> _Exercise brief_
What you return should be every line below, word for word, and none of the images.

> _Given material_
↓

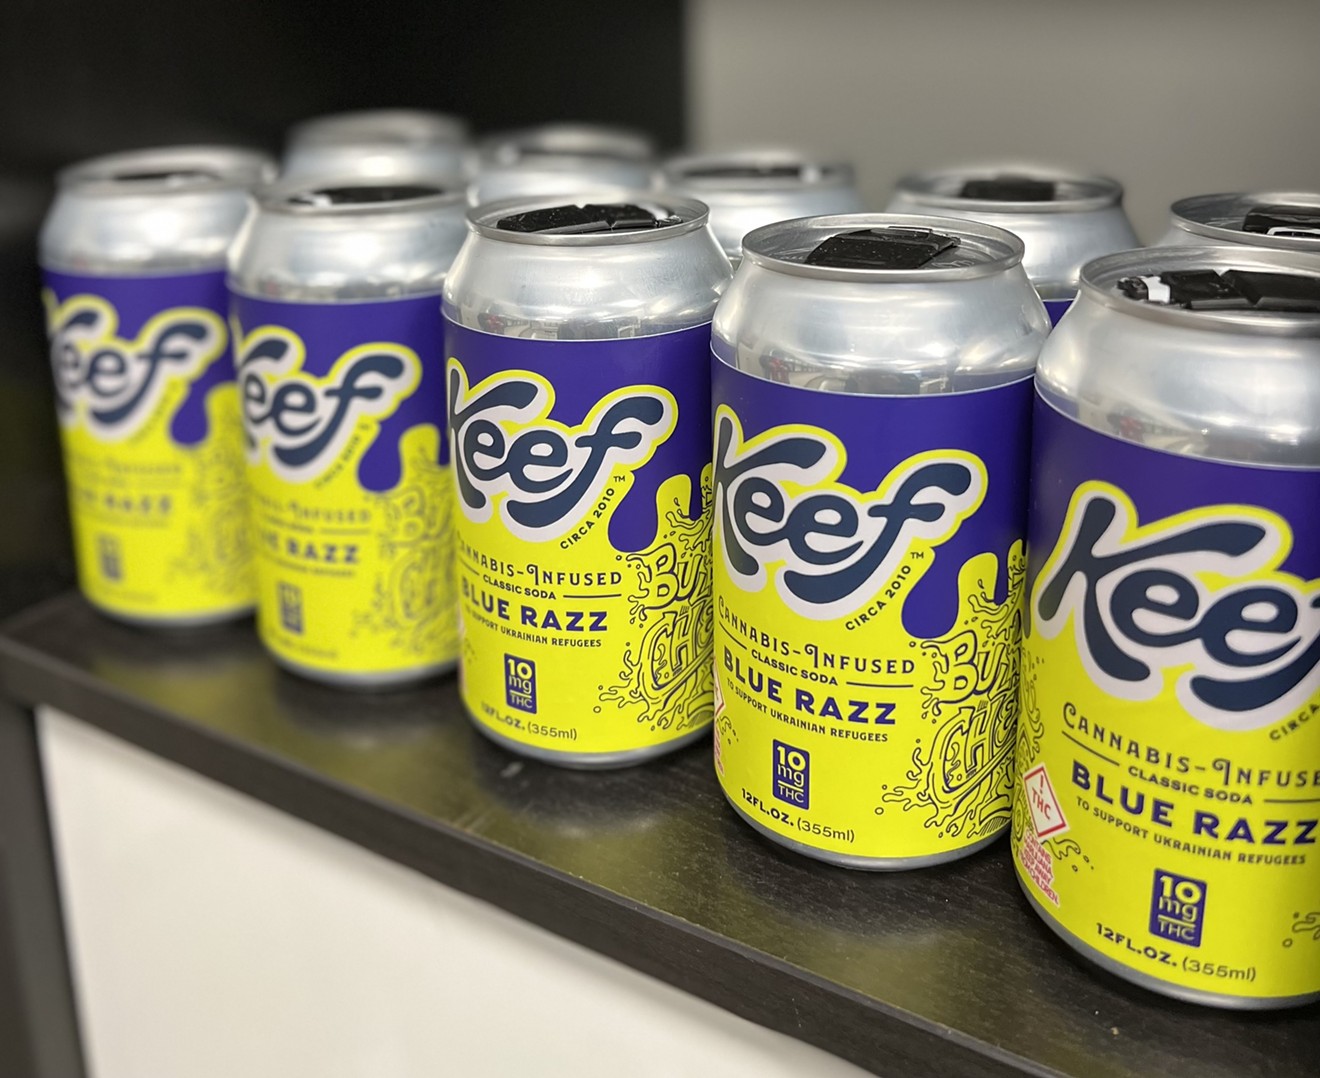 The special-edition cannabis sodas are currently sold in thirteen dispensaries across the Denver area, but Keef Brands hopes to partner with more stores.
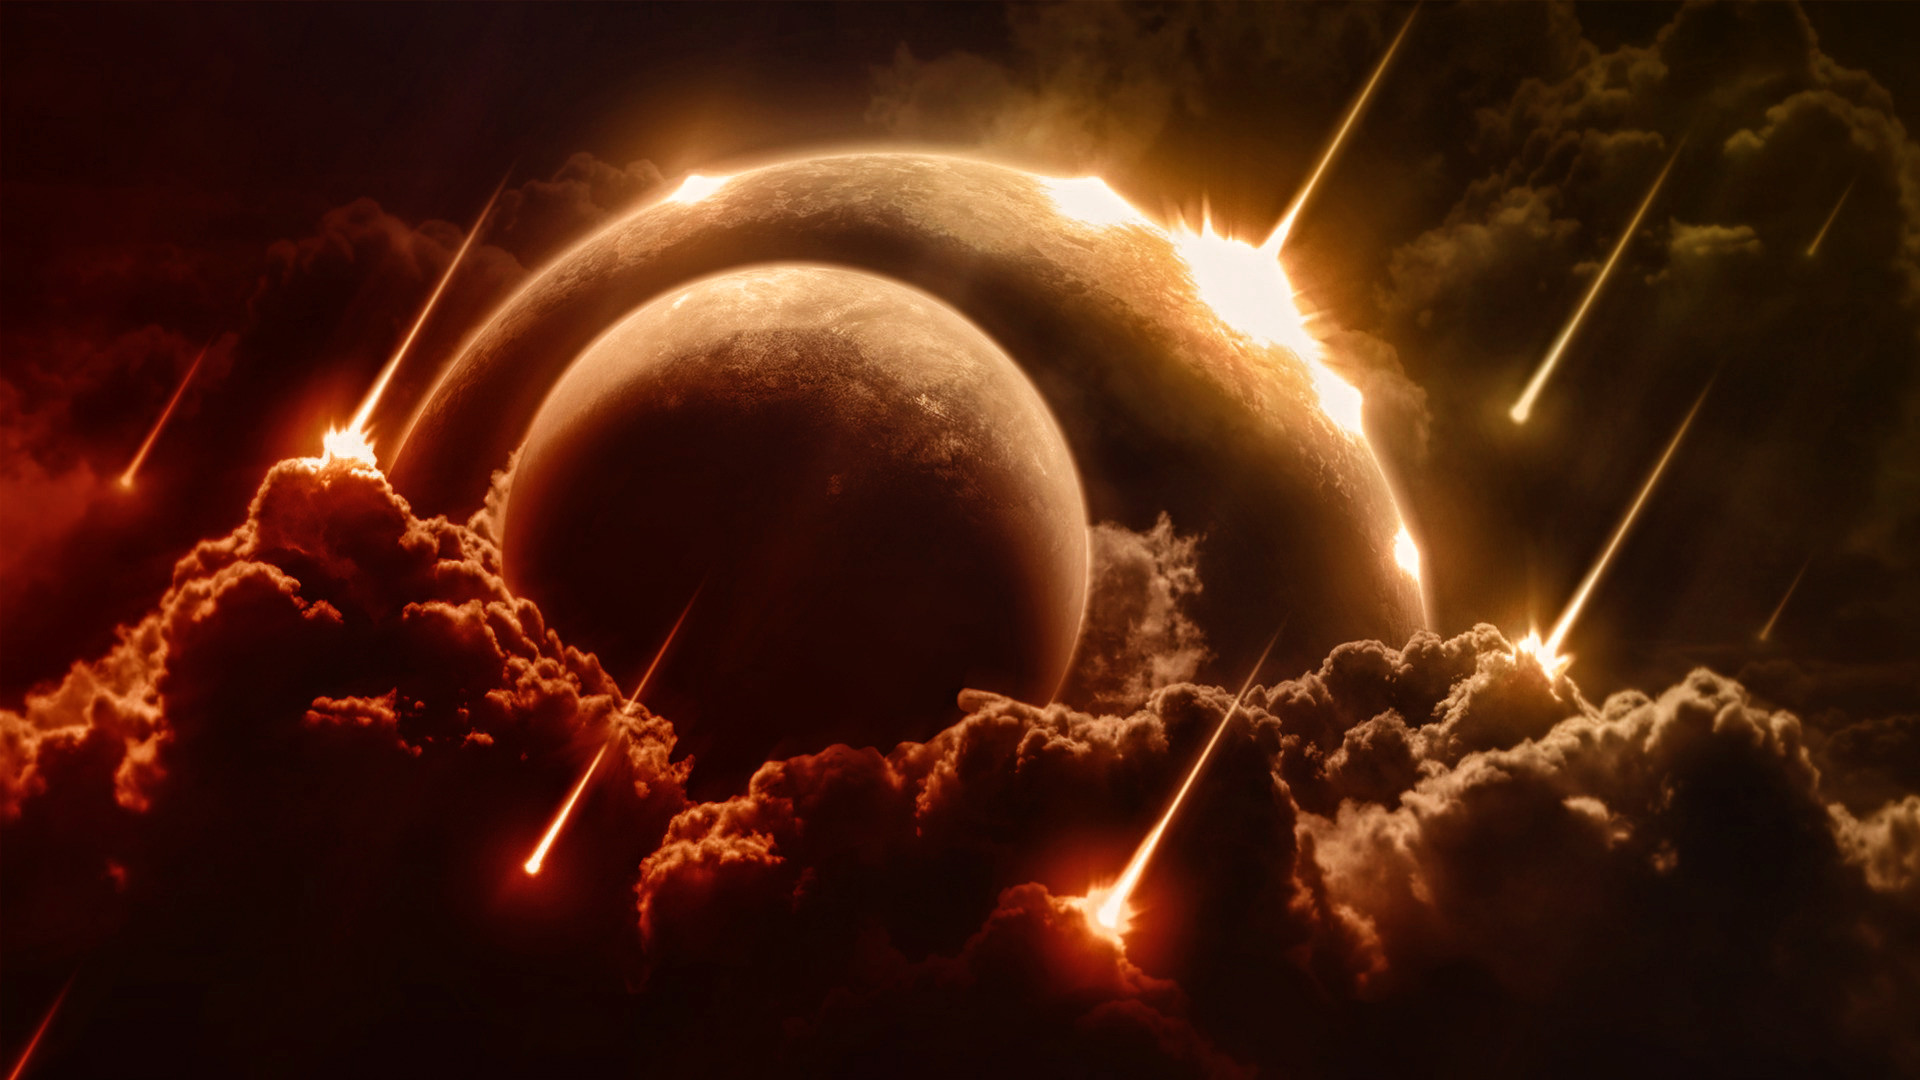 Hd Photos, Amazing, Wallpaper, Desktop Images, Free - Two Steps From Hell Starfall - HD Wallpaper 
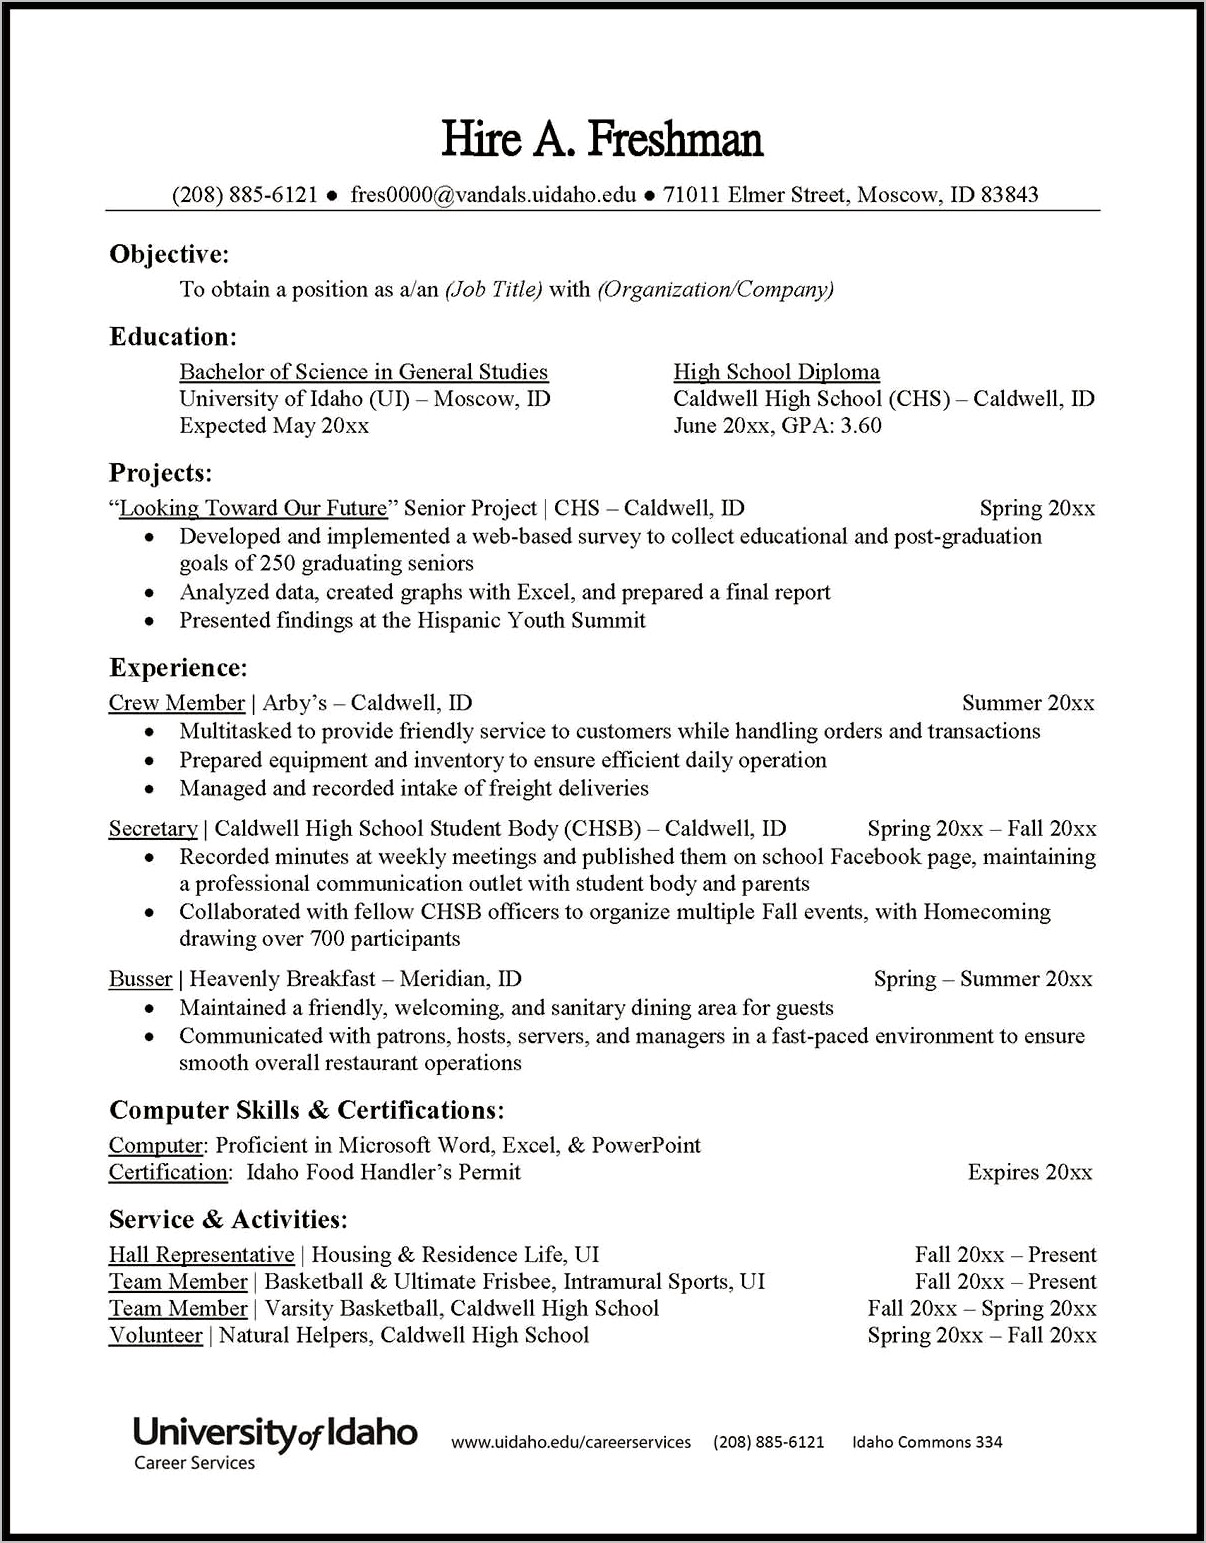 Sample Resume With Graduation Date

↑

> _Solution below_
 The special-edition cannabis sodas are currently sold in thirteen dispensaries across the Denver area, but Keef Brands hopes to partner with more stores.
 Hd Photos, Amazing, Wallpaper, Desktop Images, Free - Two Steps From Hell Starfall - HD Wallpaper 
 Sample Resume With Graduation Date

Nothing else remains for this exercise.